Korlipara K
Pike View Medical Centre, Bolton, Lancs, UK.
Int J Clin Pract. 2002 Jun;56(5):379-87.
Cardiovascular disease (CVD) remains a major cause of death in industrialised societies, and elevated serum lipids are a significant, highly prevalent and undertreated risk factor for this condition. The 3-hydroxy-3-methylglutaryl-coenzyme A (HMG-CoA) reductase inhibitors (statins) have revolutionised the treatment of hyperlipidaemia, and results from large-scale, long-term clinical trials have shown that the substantial reductions in low-density lipoprotein cholesterol (LDL-C) achieved with these drugs are associated with dramatic decreases in cardiovascular risk. Results from recent comparative clinical trials that have included a new drug in this class, rosuvastatin (Crestor), have demonstrated that it is significantly superior to atorvastatin, pravastatin and simvastatin in reducing total cholesterol, LDL-C and apolipoprotein B (Apo B). It is also significantly more effective than atorvastatin in increasing high-density lipoprotein cholesterol (HDL-C) and apolipoprotein A-I (Apo A-I). Rosuvastatin was also superior to all these agents in helping patients meet European Atherosclerosis Society (EAS) and National Cholesterol Education Programme (NCEP) goals for LDL-C. The results of an increasing number of studies indicate that statins have a wide range of pleiotropic properties that almost certainly contribute to their ability to decrease cardiovascular risk and may also make them valuable for treatment of other diseases. These actions include plaque stabilisation, improvement of endothelial function, inhibition of smooth muscle cell proliferation and migration, reduction of expression of adhesion molecules, prevention of cholesterol esterification and accumulation, reduction of secretion of matrix metalloproteinases by macrophages, reduction of platelet activity, reduction of formation of thrombogenic factors, chemoprotection and induction of bone morphogenic protein-2 (BMP-2). Further exploration of these actions will provide key information about class effects and properties of specific members of this highly useful group of drugs.

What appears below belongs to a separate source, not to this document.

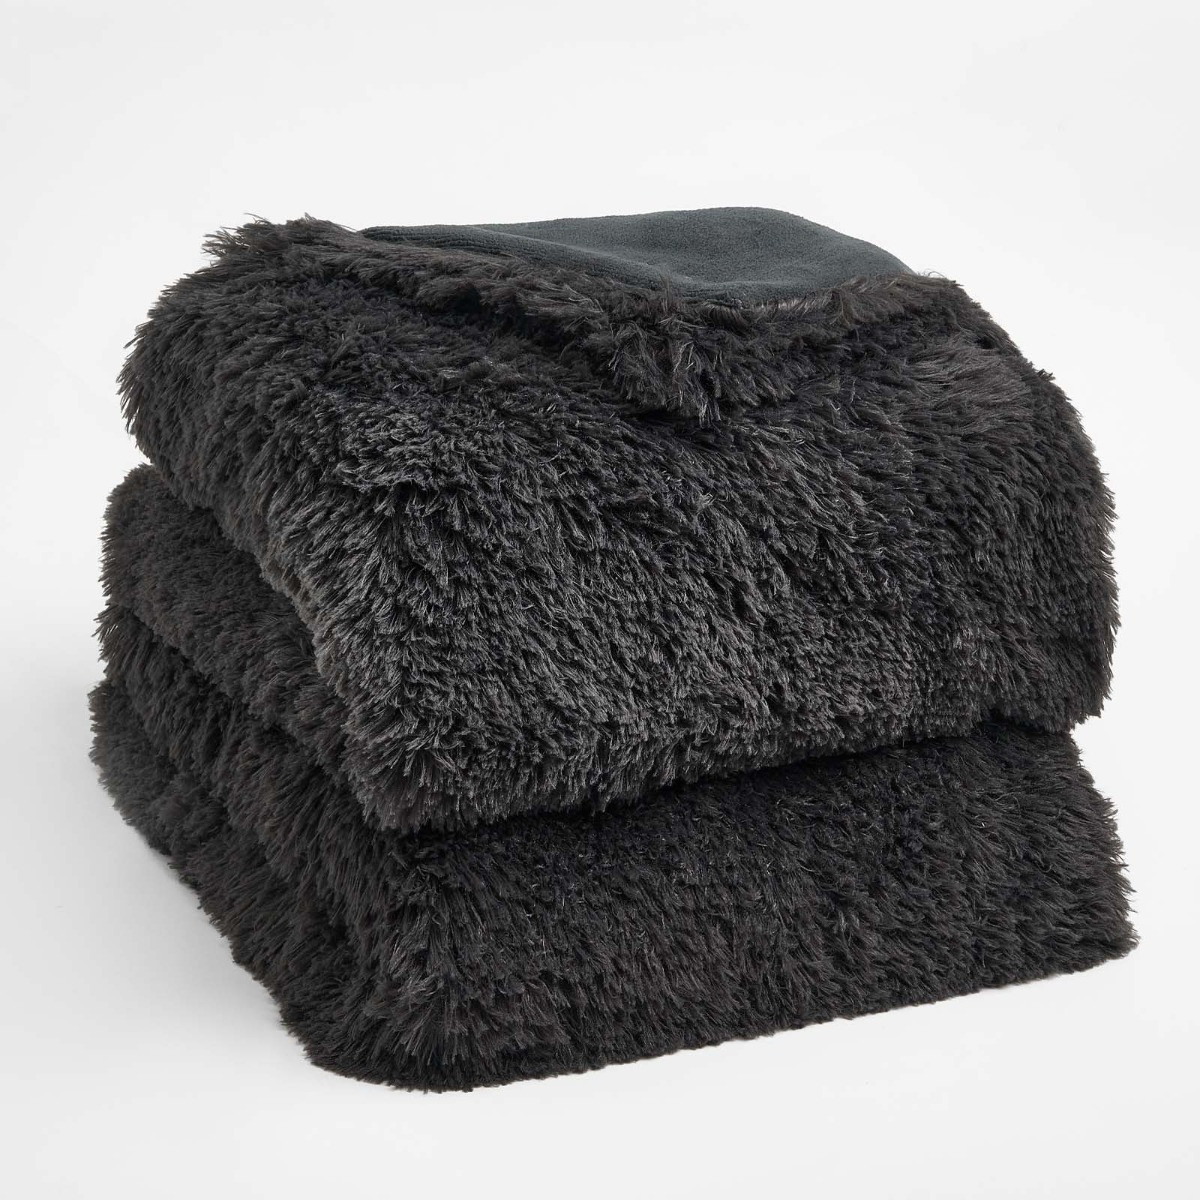 Sienna by OHS Fluffy Throw Blanket, Charcoal - 60 x 80 inches>

心血管疾病(CVD)仍然是工业化社会中的主要死因,而血清脂质升高是导致这种疾病的一个重要、普遍存在且治疗不足的风险因素。3-羟基-3-甲基戊二酰辅酶A(HMG-CoA)还原酶抑制剂(他汀类药物)彻底改变了高脂血症的治疗方式,大规模长期临床试验结果表明,这些药物使低密度脂蛋白胆固醇(LDL-C)大幅降低,与心血管风险的显著降低相关。最近纳入该类新药瑞舒伐他汀(可定)的比较临床试验结果表明,在降低总胆固醇、LDL-C和载脂蛋白B(Apo B)方面,它显著优于阿托伐他汀、普伐他汀和辛伐他汀。在升高高密度脂蛋白胆固醇(HDL-C)和载脂蛋白A-I(Apo A-I)方面,它也比阿托伐他汀显著更有效。在帮助患者达到欧洲动脉粥样硬化学会(EAS)和美国国家胆固醇教育计划(NCEP)的LDL-C目标方面,瑞舒伐他汀也优于所有这些药物。越来越多的研究结果表明,他汀类药物具有广泛的多效性特性,几乎可以肯定这有助于它们降低心血管风险的能力,也可能使它们在治疗其他疾病方面具有价值。这些作用包括斑块稳定、改善内皮功能、抑制平滑肌细胞增殖和迁移、减少黏附分子表达、防止胆固醇酯化和蓄积、减少巨噬细胞分泌基质金属蛋白酶、降低血小板活性、减少血栓形成因子的形成、化学保护以及诱导骨形态发生蛋白-2(BMP-2)。对这些作用的进一步探索将提供有关这一非常有用的药物组的类效应和特定成员特性的关键信息。